相手を優先すると「都合のいい女」扱いをうけると心配になるかもしれません。しかし、この駆け引きは無用です。自分をないがしろにする人を好きになる人はいません。
人は「自分を理解してくれる人」「自分を大切にしてくれる人」のことを大事にしたいと思います。自分も相手も大切にするのは難しく思われるかもしれませんが、うまくやろうとしなくて大丈夫です。相手を思いやろうとチャレンジを続けてみてください。チャレンジした分だけ、大きな愛を持つ人になれるでしょう。
相手の話を「そうだね」といったん受けとめて、相手に興味を持って「あなたはどう思う?」と聞くようにしましょう。相手を理解するほど、相手に好かれる振る舞いが何かわかるようになるでしょう。
やさしい断り方を持つ

イヤなことをNOと言えないと、我慢ばかりになってしまいます。我慢をしていると、人を思いやる余裕がなくなってしまいます。

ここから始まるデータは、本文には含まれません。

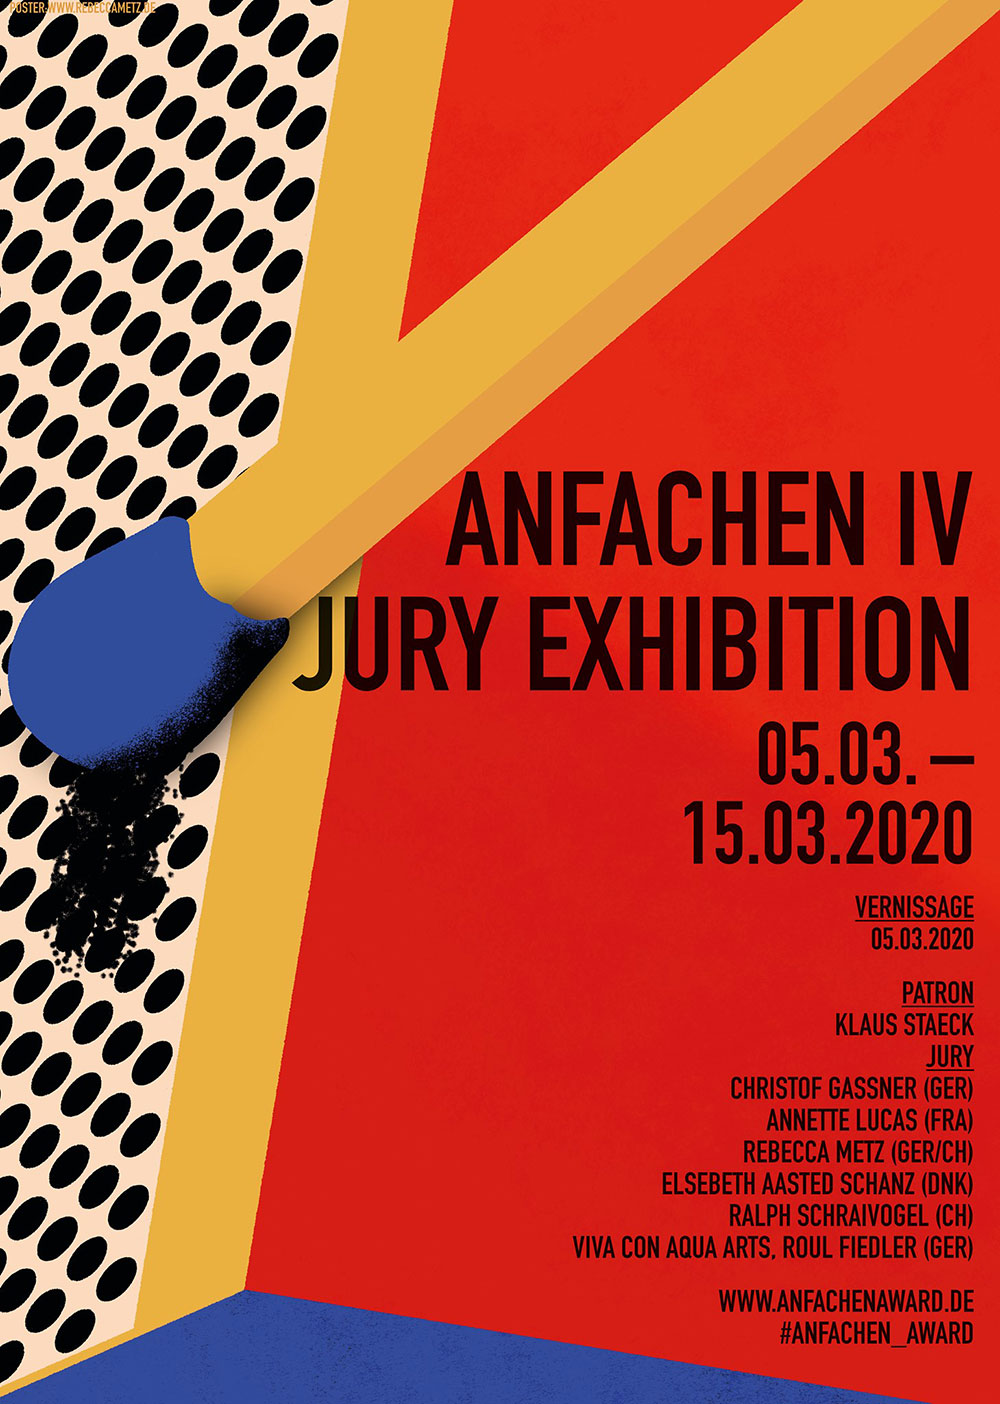 Anfachen Award IV, Jury Exhibition

そこで、相手を傷つけない断り方を身につけておきましょう。できるだけすみやかに、サックリとお断りするのがコツです。
自分が断れる人になっておくと、人に断られることにもダメージを受けにくくなります。気軽に本音を言い合えるとしたら、性格が良い人と認定されるでしょう。
性格の良さは相手に何を感じさせるか次第

性格が良い人とは、接する人が「この人と一緒にいたい!」と思う人。そのためには、相手に何を感じさせる人なのかが重要です。相手がどんな人なのかに興味を持って、相手を理解しましょう。そして、自分の良い所を発揮して、相手を喜ばせることを自分の喜びにできたら、「あなたのそばにいたい!」と思う人が増えるでしょう。